Five-day trial ends in hung jury in 2019 killing
Vicente Rivera, right, speaks with a member of his defense team.
A jury failed to reach a verdict Friday in the trial of a man charged in the 2019 shooting death of 43-year-old Leroy Zamora outside a Central Avenue motel.
Vicente Rivera, 35, remains charged with second-degree murder in Zamora’s shooting death at the Crossroads Motel near Central and Interstate 25.
A spokeswoman for the 2nd Judicial District Attorney’s Office said “it’s too early to tell” if prosecutors will retry Rivera.
Much of the closing arguments Friday hinged on phone and social media messages sent to and from Rivera’s phone that prosecutors argued implicated him in Zamora’s killing.
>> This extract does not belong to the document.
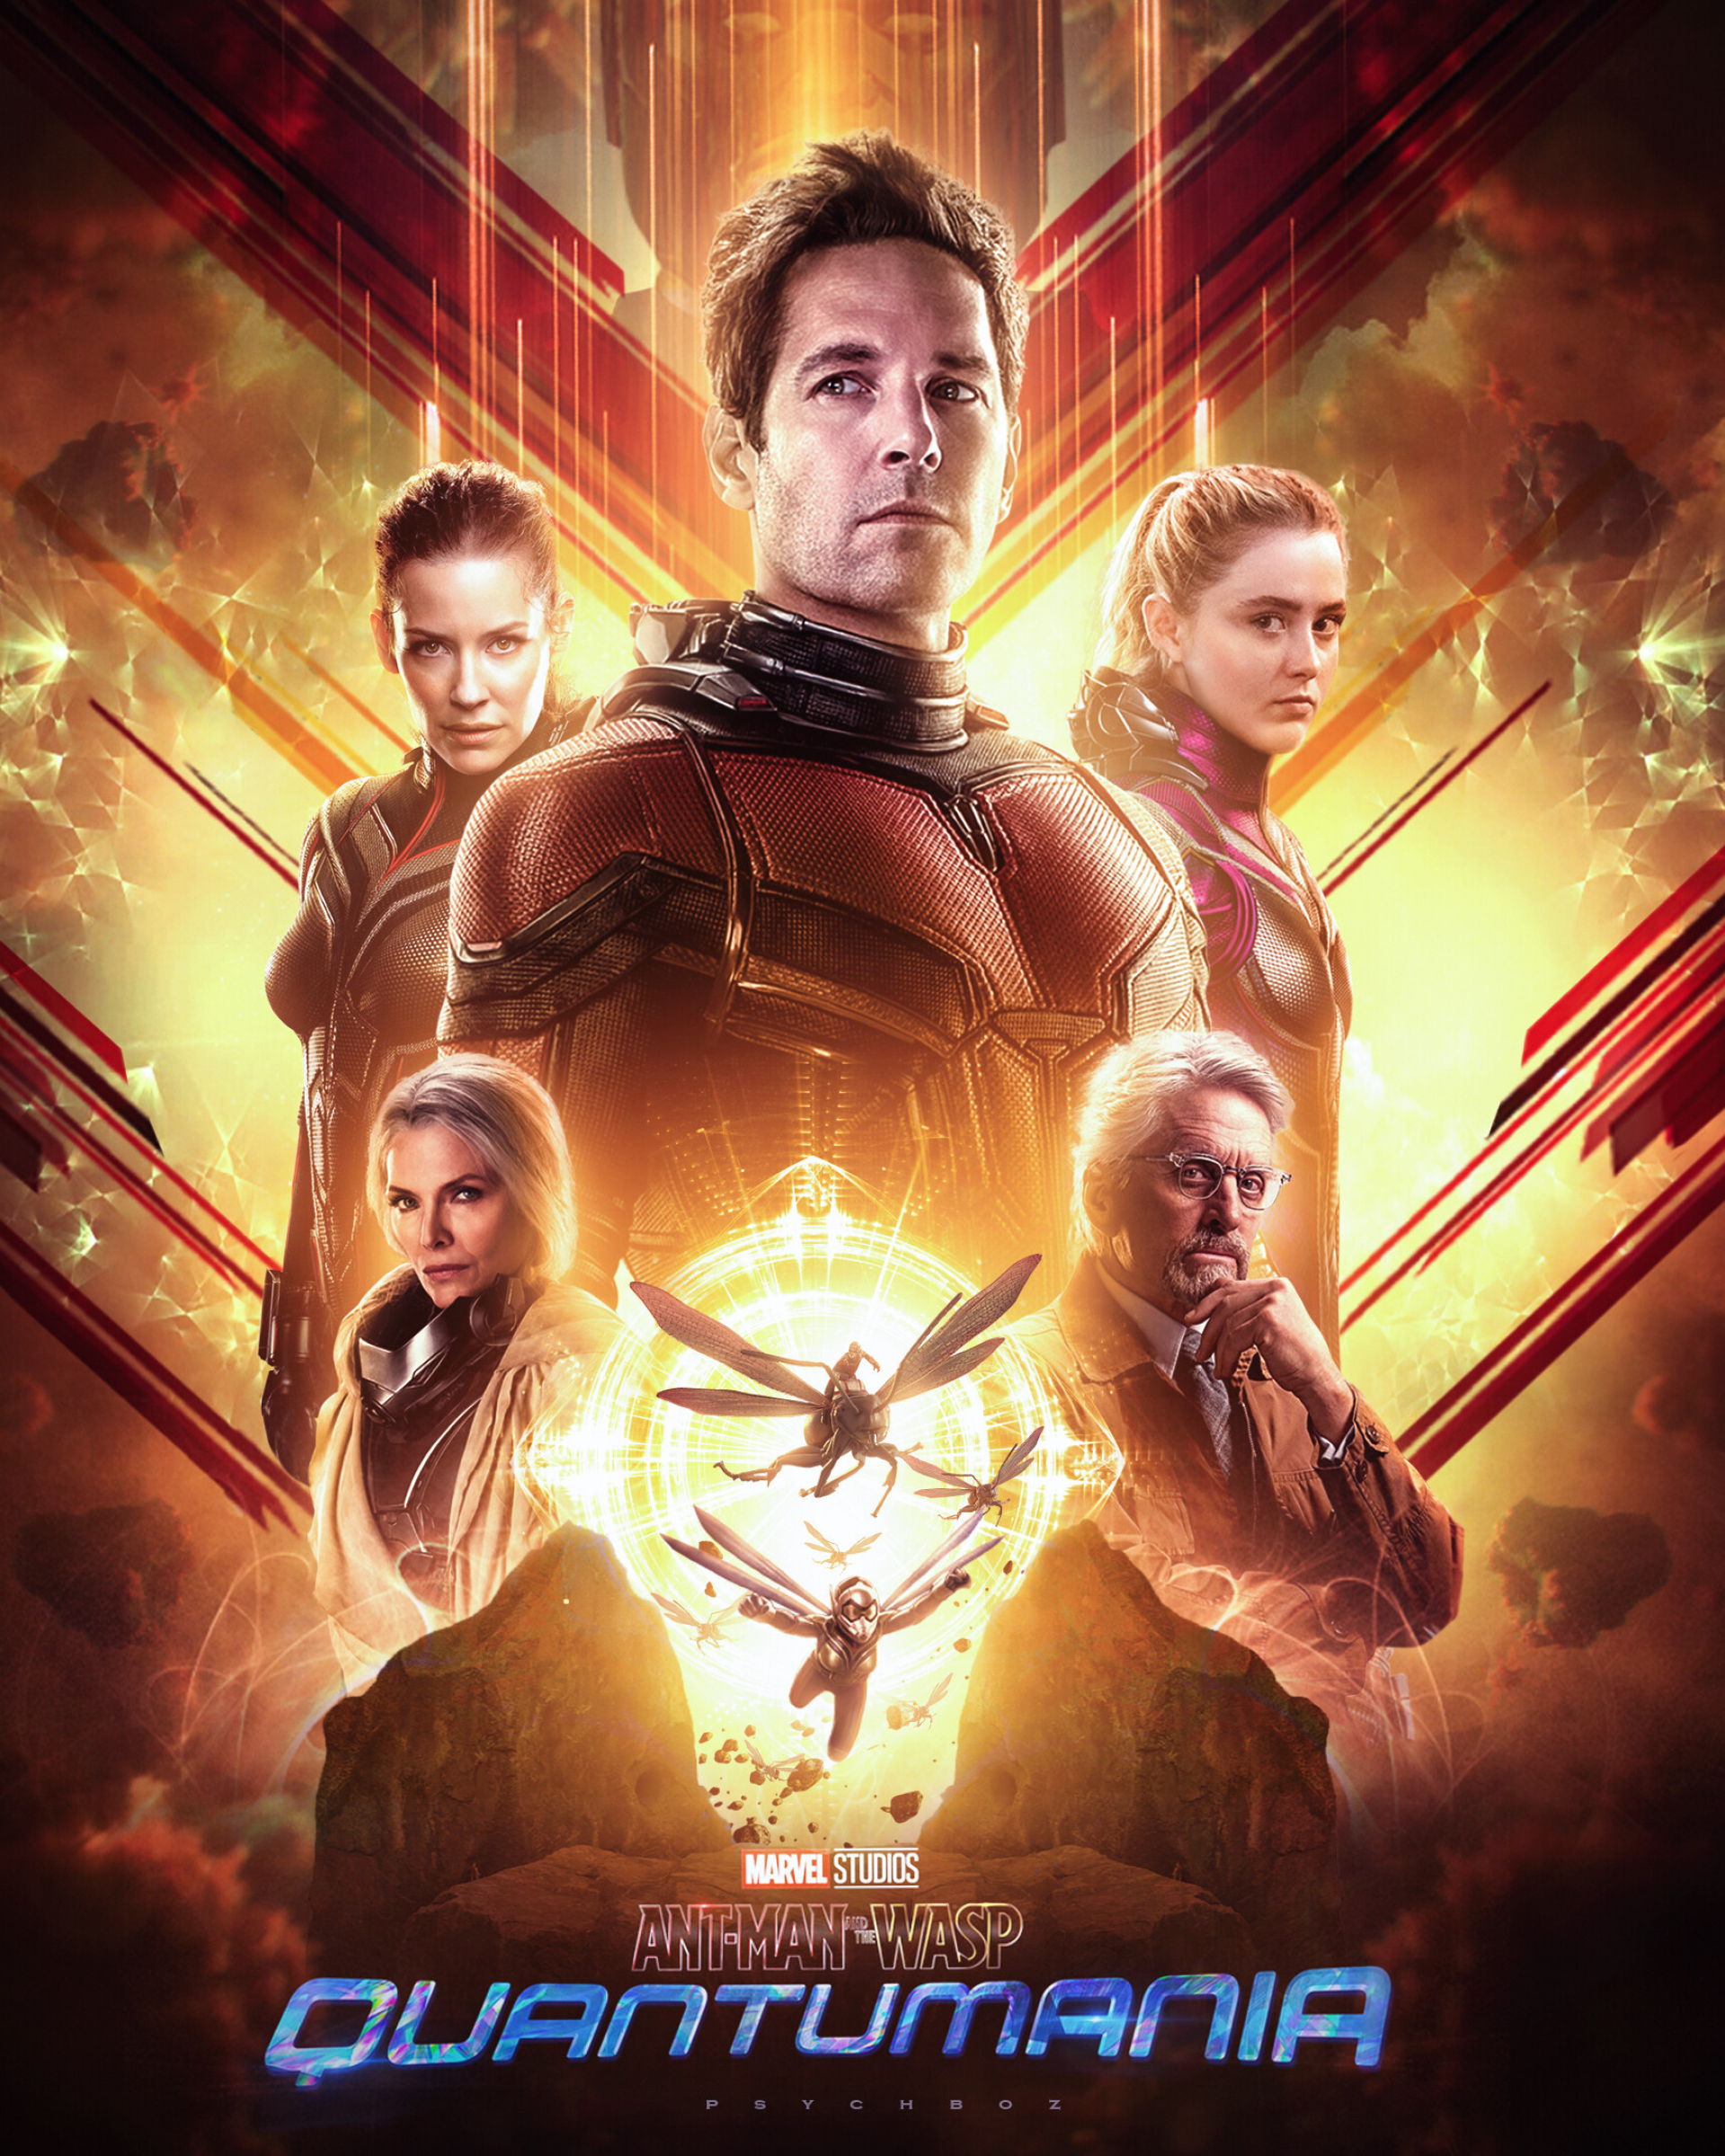 Ant-Man and the Wasp: Quantumania: The third installment in Marvel's Ant-Man trilogy, February 17, 2023. 1920x2400 HD Wallpaper.

Rivera’s attorney, Richard Pugh, told jurors that Zamora’s phone had been lost or stolen in the days before the killing and that someone else had sent the messages.
Both defense and prosecution attorneys said in opening statements Monday that jurors were likely to be left at the end of the trial with unanswered questions about the 5-year-old killing.
“You have absolutely no idea who shot Leroy Zamora,” Pugh told jurors on Friday. “You will never know the circumstances of the shooting.”
Prosecutors told jurors that Zamora was in the passenger seat of a car when Rivera fatally shot him from the driver’s seat on Feb. 18, 2019.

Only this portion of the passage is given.